Cancer is one of the incurable diseases that humanity needs to solve. In the world, huge capital is invested in development to heal it globally. In Korea, it is the first disease among the causes of death, It is diagnosed and more than 60,000 people are dying. Smoking, ultraviolet rays, chemicals, food, and other environmental factors are among the carcinogens that cause cancer, but the development of therapeutic agents is difficult due to the various causes, and the effects of the therapeutic agents are also different depending on the site where they occur. Currently, substances used as therapeutic agents have considerable toxicity. Since they can not selectively remove only cancer cells, it is urgently necessary to develop a less toxic and effective anticancer drug to prevent the cancer from occurring after cancer development .
Cancer is characterized by "uncontrolled cell growth." These abnormal cell growths form a mass of cells called tumors that penetrate into surrounding tissues and, in extreme cases, to other organs of the body. Academicly, it is also called neoplasia. Cancer is an intractable chronic disease that, even if treated with surgery, radiation, and chemotherapy, in many cases can not be cured, causes pain to the patient, and ultimately leads to death. There are many factors that cause cancer, but they are divided into internal factors and external factors. It is not known exactly how the normal cells transform into cancer cells through the mechanism, but it is known that at least 80 to 90% are affected by external factors such as environmental factors. Internal factors include genetic factors, immunological factors, and external factors include chemicals, radiation, and viruses.
The genes involved in the development of cancer include oncogenes and tumor suppressor genes, which occur when the balance between them is destroyed by the internal or external factors described above. It is classified into blood cancer and solid cancer. It occurs in almost all parts of the body such as lung cancer, stomach cancer, breast cancer, oral cancer, liver cancer, uterine cancer, esophageal cancer and skin cancer.
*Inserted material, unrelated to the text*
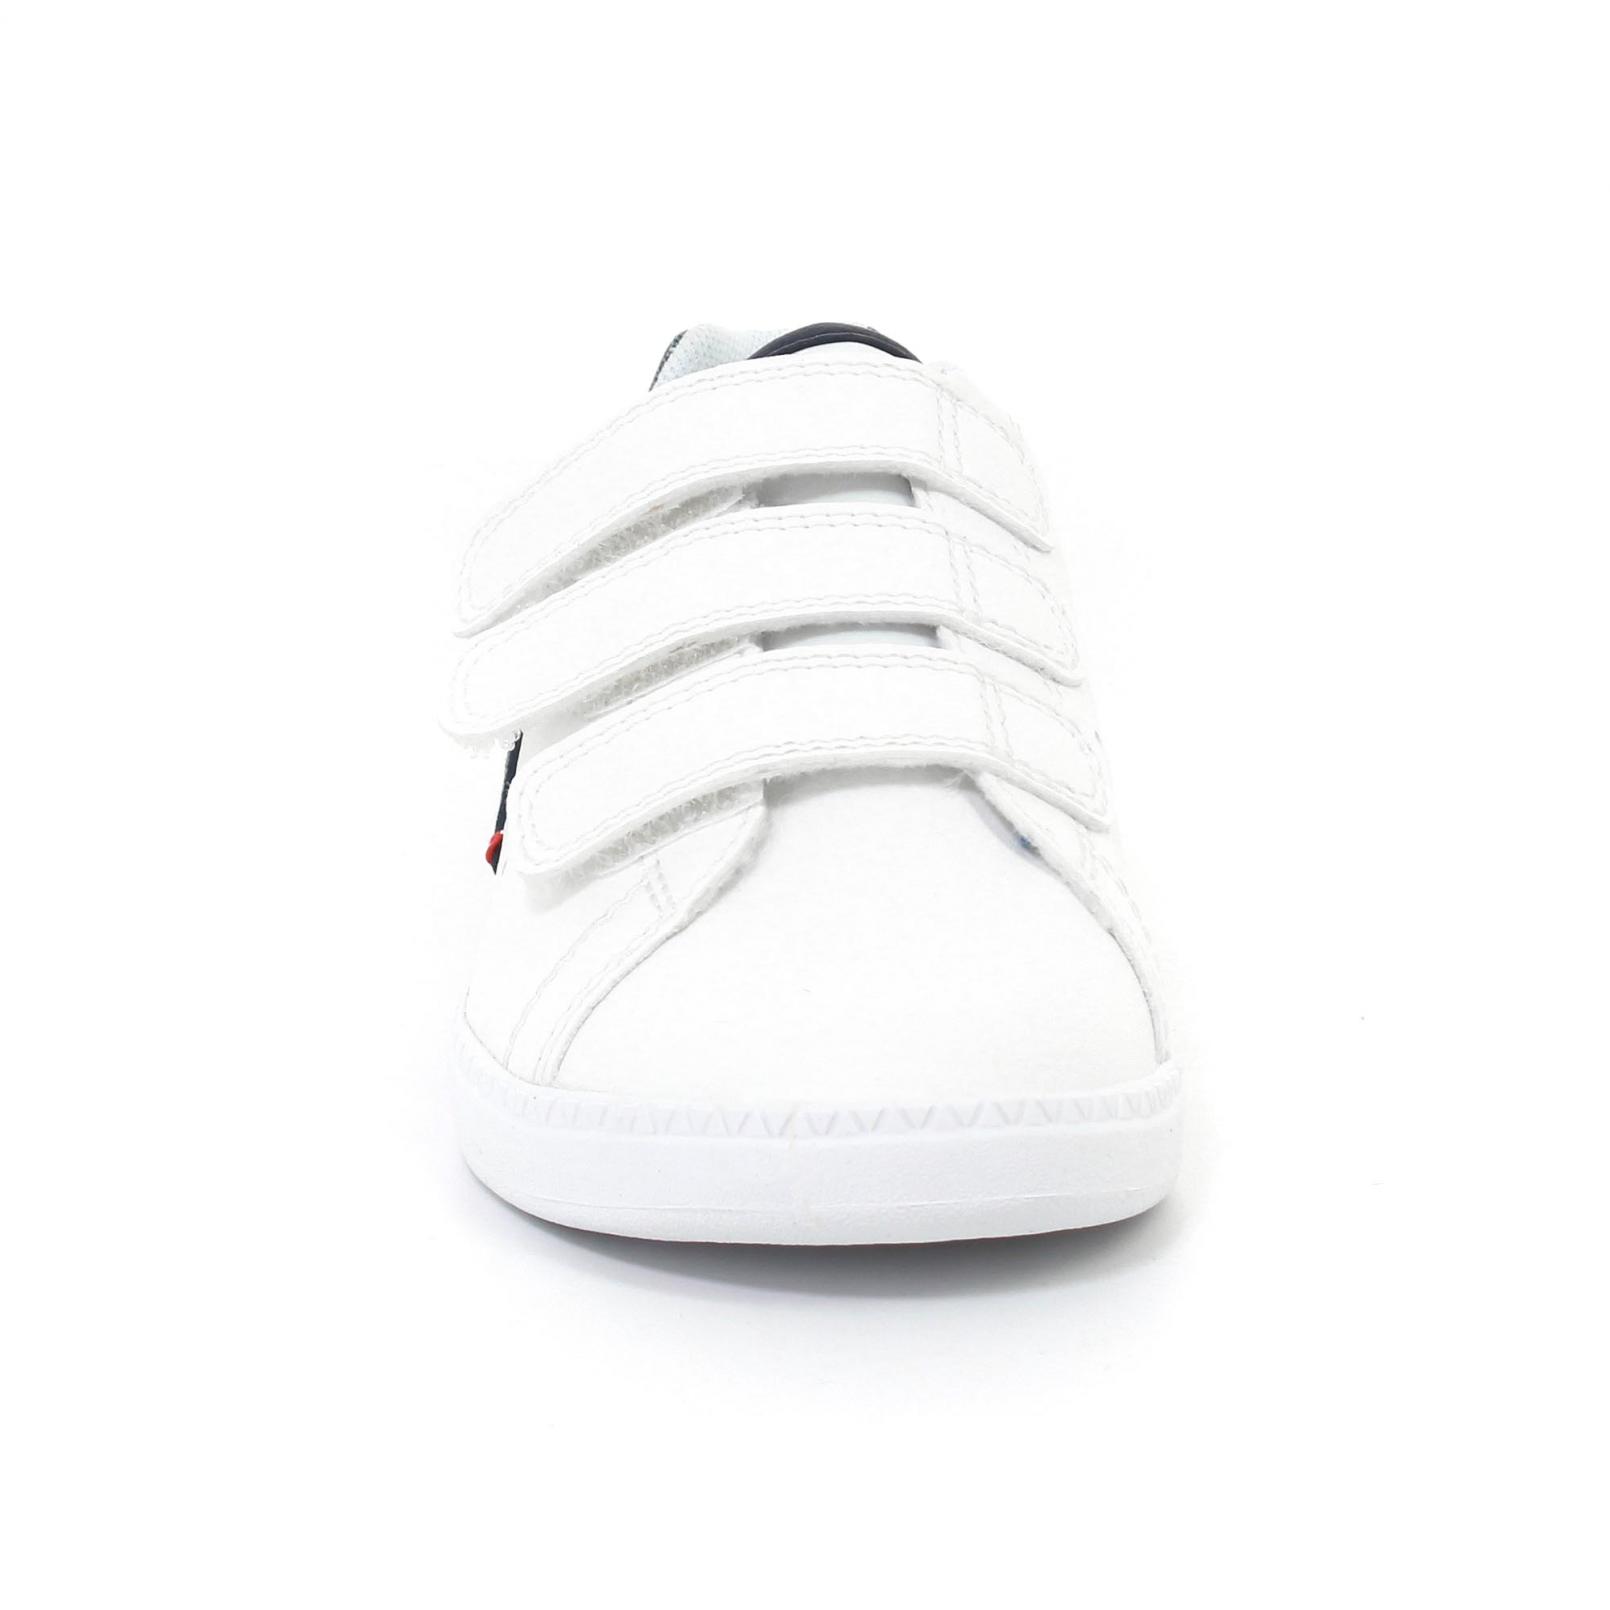 Shoes – Le Coq Sportif Courtone Ps S Lea/2 Tones White/Blue

Among the methods used to treat these malignant tumors, chemotherapeutic agents other than surgery or radiation therapy are collectively referred to as anticancer drugs, and most of them exhibit anticancer activity by inhibiting the synthesis of nucleic acids. Chemotherapeutic agents are classified into antimetabolites, alkylating agents, antimitotic drugs, and hormones. Metabolic antagonists that inhibit the metabolic processes required for the proliferation of cancer cells include folic acid (6-mercaptopurine, 6-thioguanine), pyrimidine derivatives (5-fluorouracil, Cytarabine), and DNA is introduced into the DNA guanine to modify the structure of the DNA, Examples of the alkylating agent which exhibits the effect include chlorambucil, cyclophosphamide, ethylene imine compound (thiotepa), alkylsulfonate compound (busulfan), nitrosourea compound (carmustine), triazine compound (dacarbazine ). As a mitotic phase specificity drug, mitotic inhibitors that inhibit mitosis by inhibiting mitosis by inhibiting mitosis include anticancer drugs such as actinomycin D, doxorubicin, bleomycin, mitomycin, vincristine, vinblastine Alkaloids, taxoids, which are mitotic inhibitors including taxane rings, and the like. In addition, hormones such as corticosteroids or progesterone and platinum-containing compounds such as cisplatin are used as anticancer drugs.
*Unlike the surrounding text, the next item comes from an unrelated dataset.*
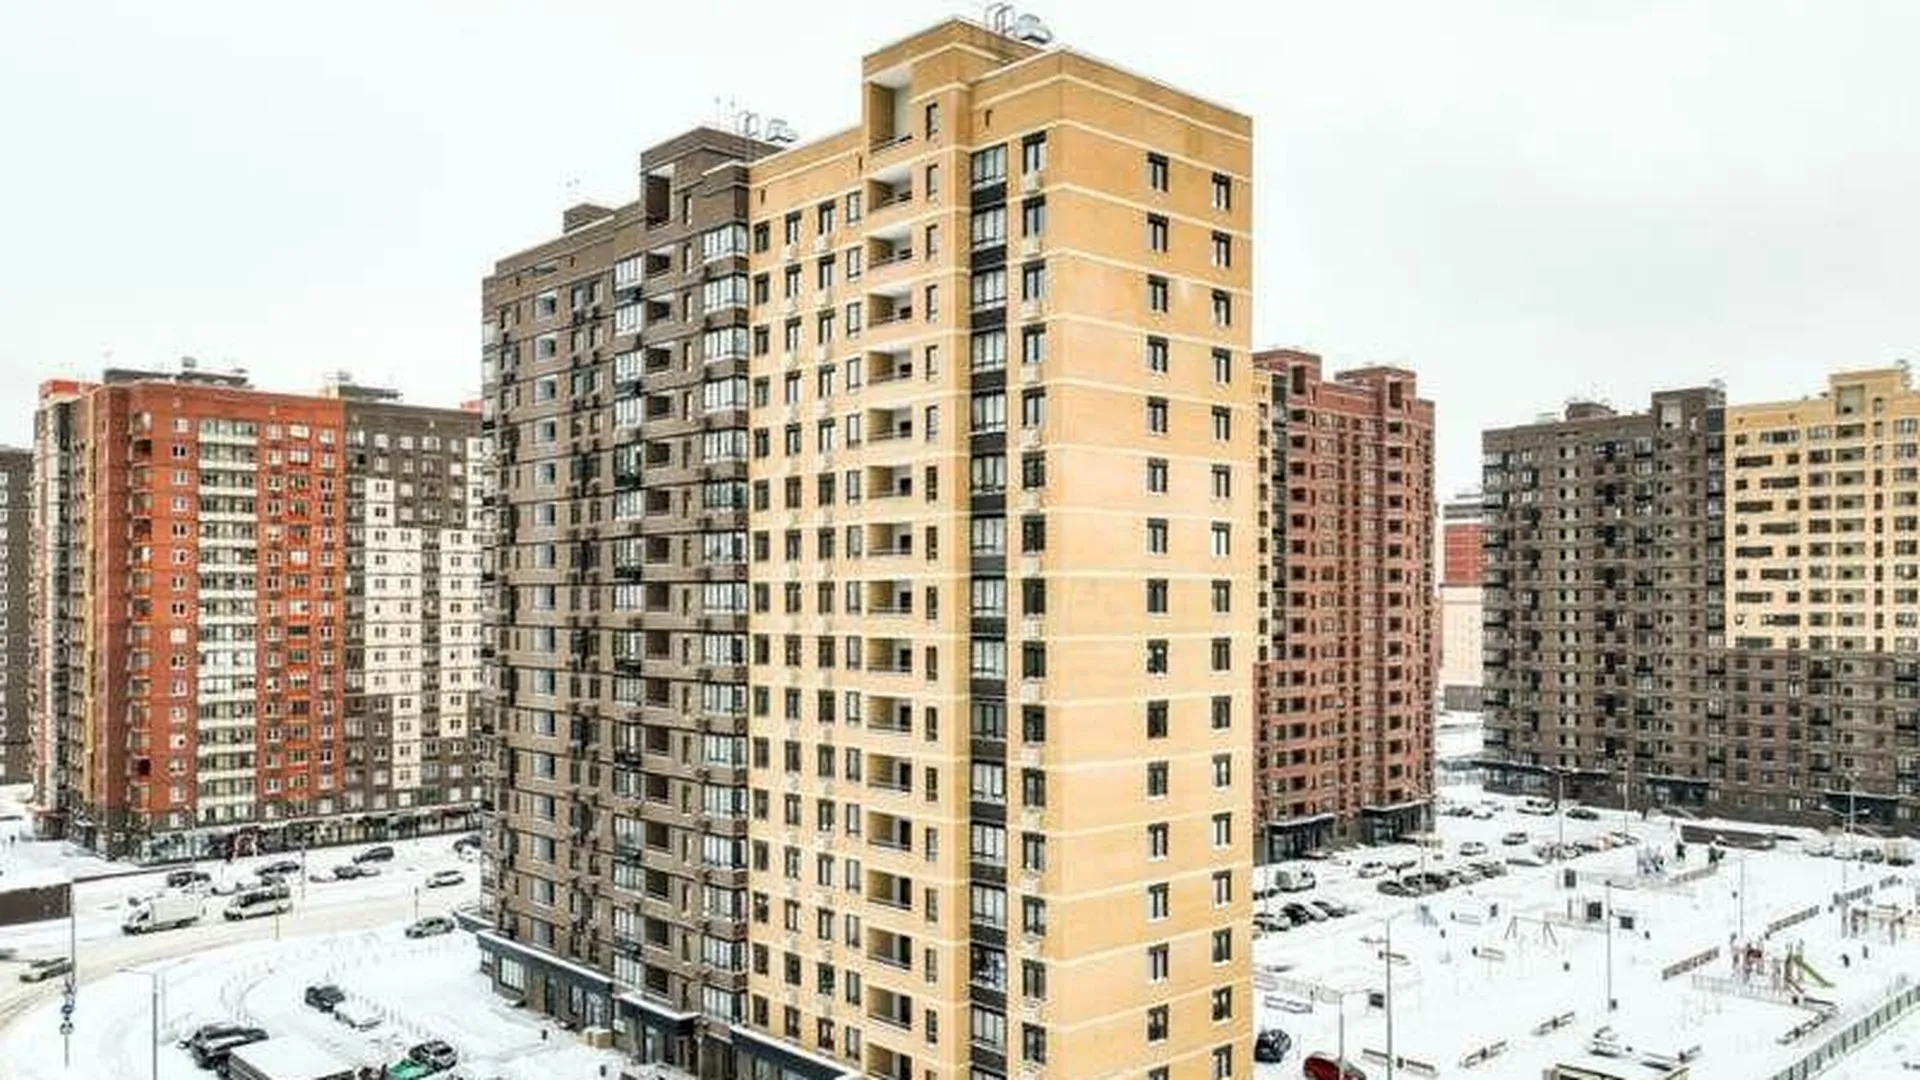 Еще 43 здания в Подмосковье получили разрешения на ввод в эксплуатацию за неделю

The biggest problem with chemotherapy is drug resistance, which is the main factor that ultimately causes treatment failure, despite the initial successful response to chemotherapy. In connection with the problem of overcoming these side effects, efforts are currently being made to find the active ingredient in natural products used in the private sector.
On the other hand, colon cancer is a disease in which cells grow abnormally in the large intestine and penetrate or spread to other tissues. As the diet of our people has become westernized, the incidence rate of cancer has increased in recent years. Surgery through early detection by endoscopy is the best treatment, but the discovery is often delayed, and as with other solid tumors, chemotherapy is needed, and more research is being conducted to develop a more effective treatment.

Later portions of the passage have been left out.